## TASK DIRECTIONS
Quote the data below in full, please, without altering anything.

Stored data entries:
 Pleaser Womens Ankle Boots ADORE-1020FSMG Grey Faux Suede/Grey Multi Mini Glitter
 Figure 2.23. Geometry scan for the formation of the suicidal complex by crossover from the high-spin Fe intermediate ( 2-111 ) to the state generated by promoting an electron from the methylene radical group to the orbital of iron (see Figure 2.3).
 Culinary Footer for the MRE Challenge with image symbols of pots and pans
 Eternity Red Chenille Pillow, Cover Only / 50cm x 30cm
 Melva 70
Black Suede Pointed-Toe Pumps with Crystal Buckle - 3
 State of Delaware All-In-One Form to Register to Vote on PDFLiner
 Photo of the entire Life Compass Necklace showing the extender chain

## ANSWER TO THIS PROBLEM
 Pleaser Womens Ankle Boots ADORE-1020FSMG Grey Faux Suede/Grey Multi Mini Glitter
 Figure 2.23. Geometry scan for the formation of the suicidal complex by crossover from the high-spin Fe intermediate ( 2-111 ) to the state generated by promoting an electron from the methylene radical group to the orbital of iron (see Figure 2.3).
 Culinary Footer for the MRE Challenge with image symbols of pots and pans
 Eternity Red Chenille Pillow, Cover Only / 50cm x 30cm
 Melva 70
Black Suede Pointed-Toe Pumps with Crystal Buckle - 3
 State of Delaware All-In-One Form to Register to Vote on PDFLiner
 Photo of the entire Life Compass Necklace showing the extender chain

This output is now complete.